Şekerci Hafız Mustafa, Osmanlı Devleti döneminde Sultan Abdülaziz’in saltanatının ilk yıllarında günümüzde Bahçekapı-Eminönü’nde Hamidiye Caddesi 86 numaralı dükkanında Çankırı’nın Orta Beldesi’nden İstanbul’a sarraflık yapmaya gelen İsmail Hakkı Zade tarafından 1864 yılında kurulmuştur. İsmail Hakkı Zade dükkanın bodrum katında dibek taşıyla akide şekeri yapmaya başlamıştır. İsmail Hakkı Zade dükkanı işletirken oğlu Hafız Mustafa dükkanın yakın çevresinde bulunan Arpacılar Cami’inde gönüllü olarak müezzinlik yapmaktaydı. Aynı zamanda babasının dükkanında tatlıcılık ve şekercilikle ilgilenmiştir. Hafiz Mustafa’nın ilk poğaçayı bulan ve imal eden kişi olduğu bilinmektedir. Dükkanda şekerlemelerin yanında hamur işi poğaçayı müşterilerine sunarak alternatif müşteri kazanmıştır. Bu konuda kendini geliştirerek babasından işi devralmıştır ve 1926 ile 1938 yılları arasında şekercilik ve tatlıcılık alanında Avrupa’da 11 adet madalya kazanmıştır.
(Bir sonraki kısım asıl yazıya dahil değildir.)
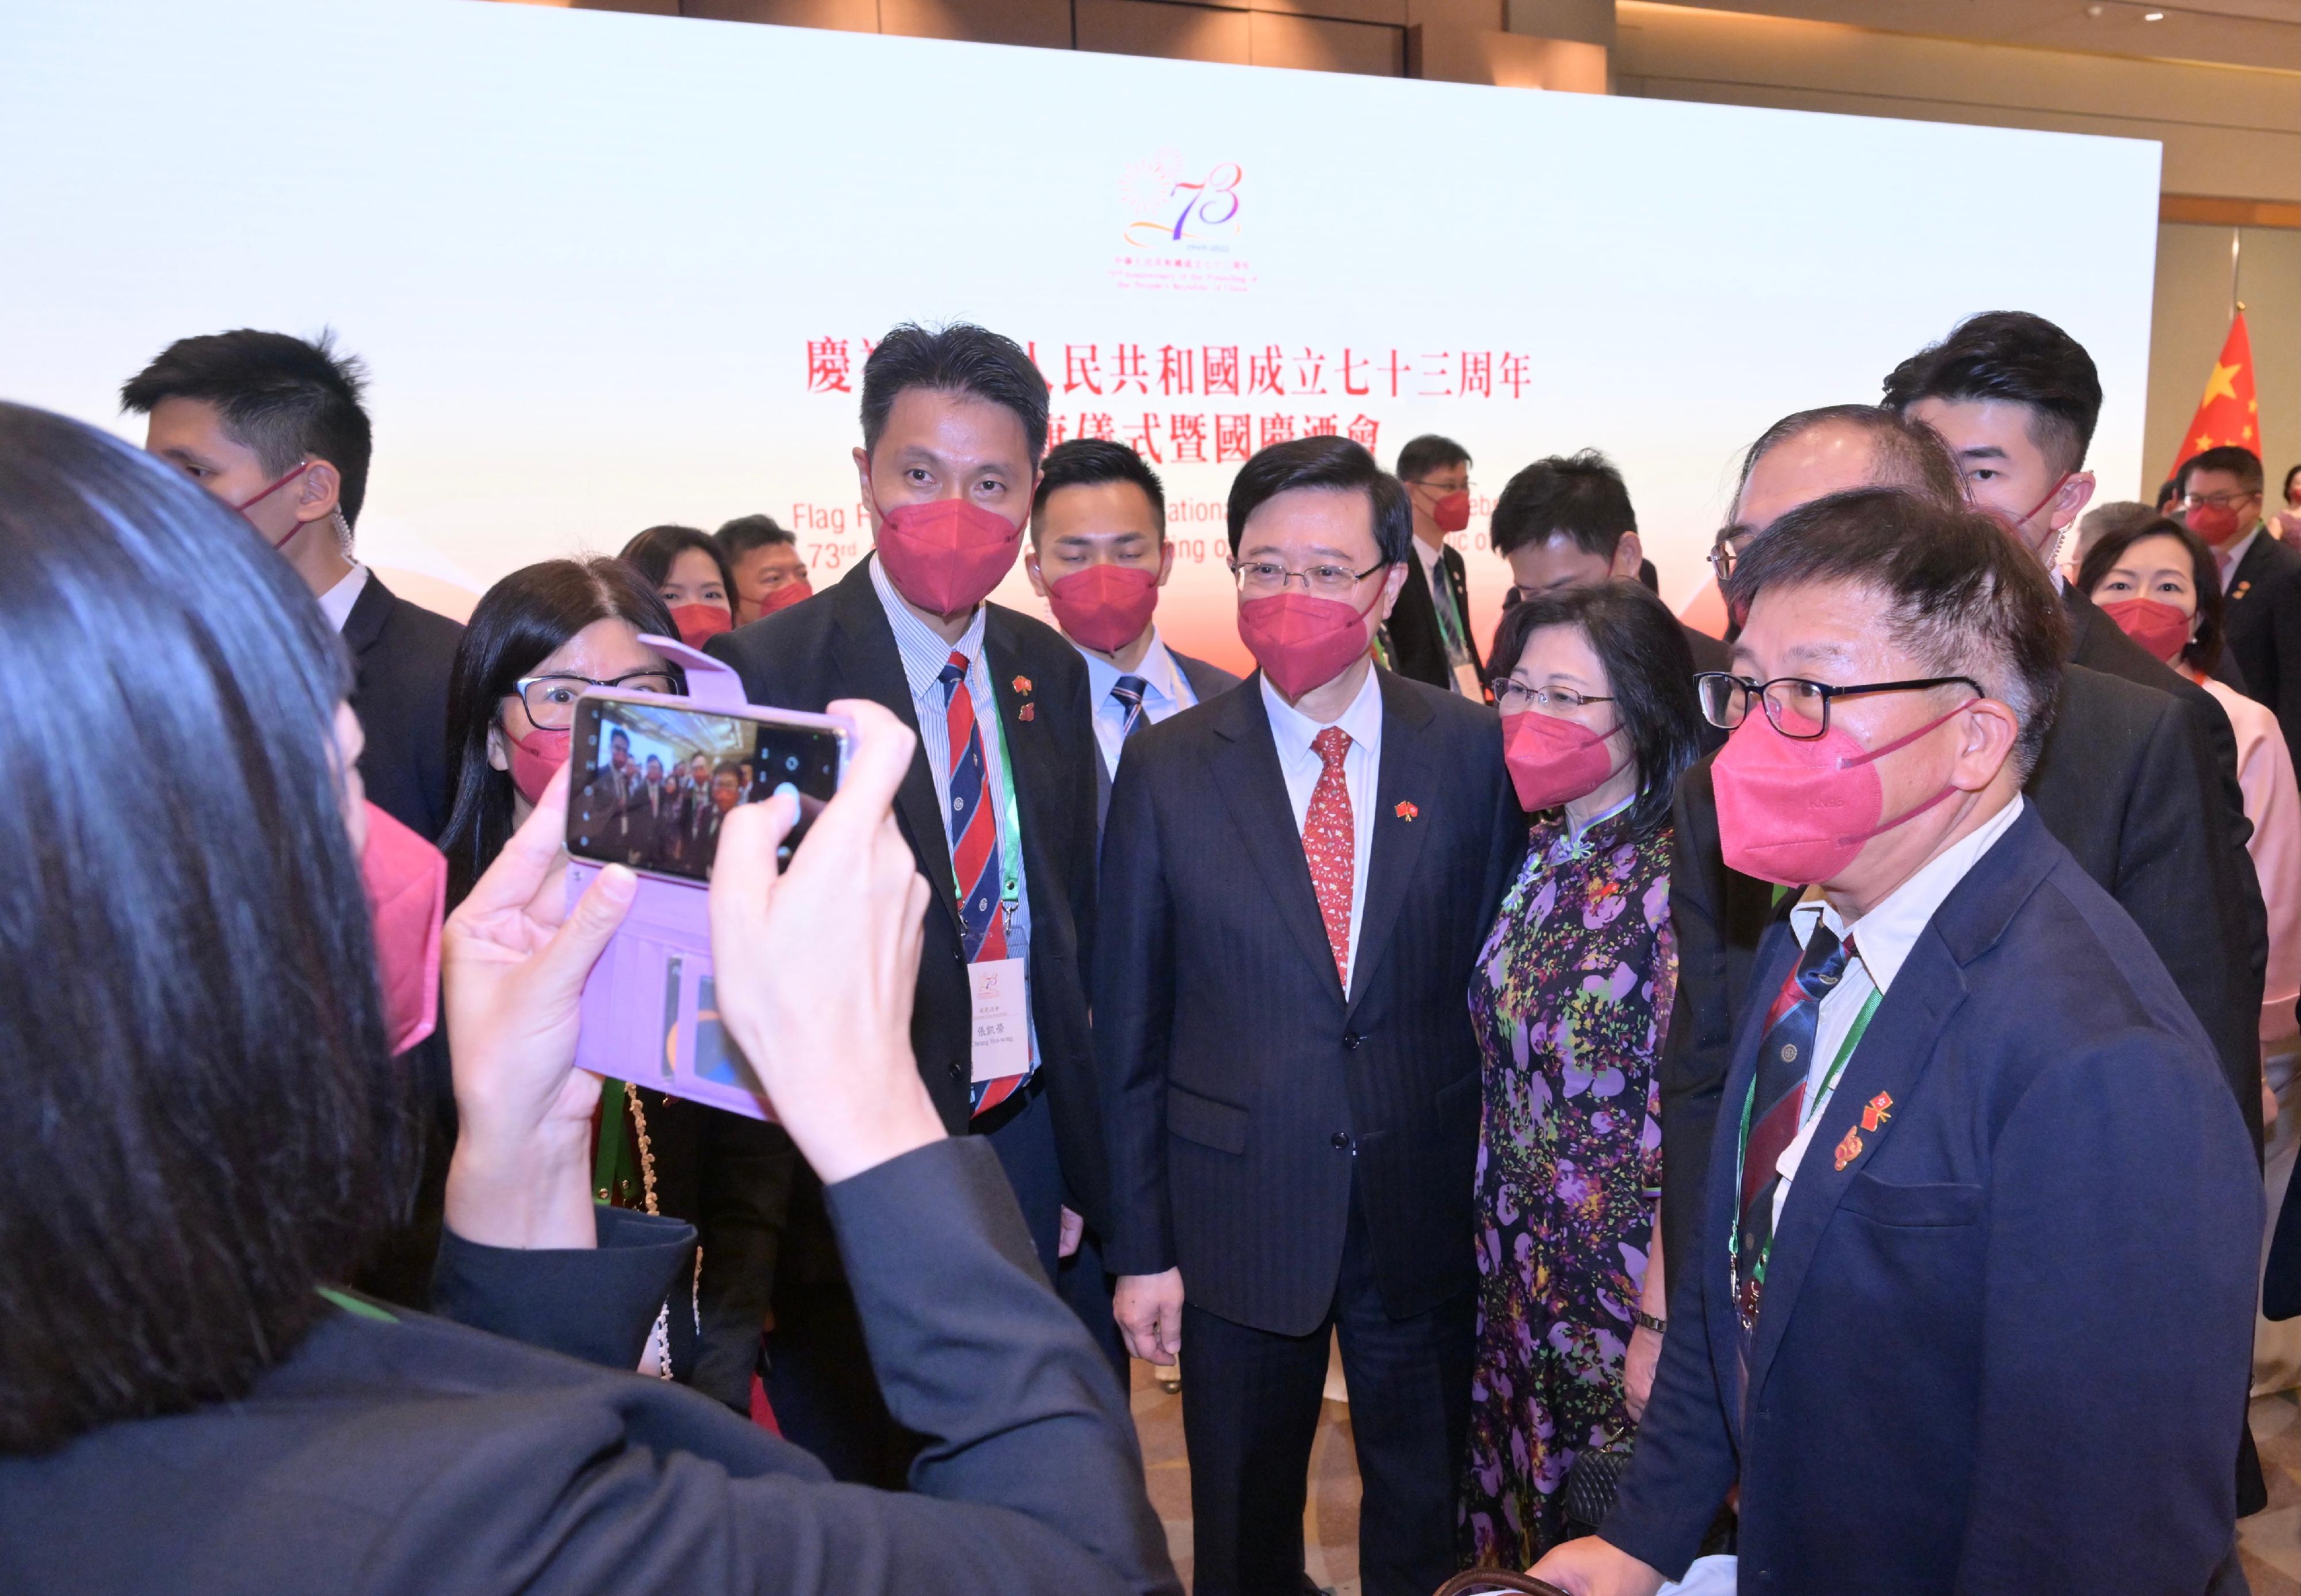 The Chief Executive, Mr John Lee (front, third right), and his wife Mrs Lee (front, second right), are pictured with guests at the reception in celebration of the 73rd anniversary of the founding of the People's Republic of China at the Hong Kong Convention and Exhibition Centre this morning (October 1).

Hafız Mustafa’nın oğlu Cemil Bey şekerlemeciyi bir süre işlettikten sonra Cemil Bey’in eşi Vasfiye Hanım ve kızı Sönmez Kantman tarafından işletilmiş ve Hafız Mustafa Şekerlemeleri bu dönemde en parlak günlerini yaşamıştır. Özellikle Vasfiye Hanım’ın çalışanları üzerindeki otoritesi ve kurduğu disiplin, işletmenin başarısını oldukça etkilemiştir. Sönmez Kantman’dan sonra oğlu Mustafa Nihat Kantman işletmenin başına geçmiş fakat başka alanlara yönelmek istediği için işletmeyi kısa bir süre içerisinde 1993 senesinde aile dışından Mustafa Altuncu’ya devretmiştir. 1993 – 2007 yılları arasında Hafız Mustafa Şekerlemesi Mustafa Altuncu tarafından işletilip, 2007 sonrasında işlerin başına Avni Ongurlar geçmiştir…”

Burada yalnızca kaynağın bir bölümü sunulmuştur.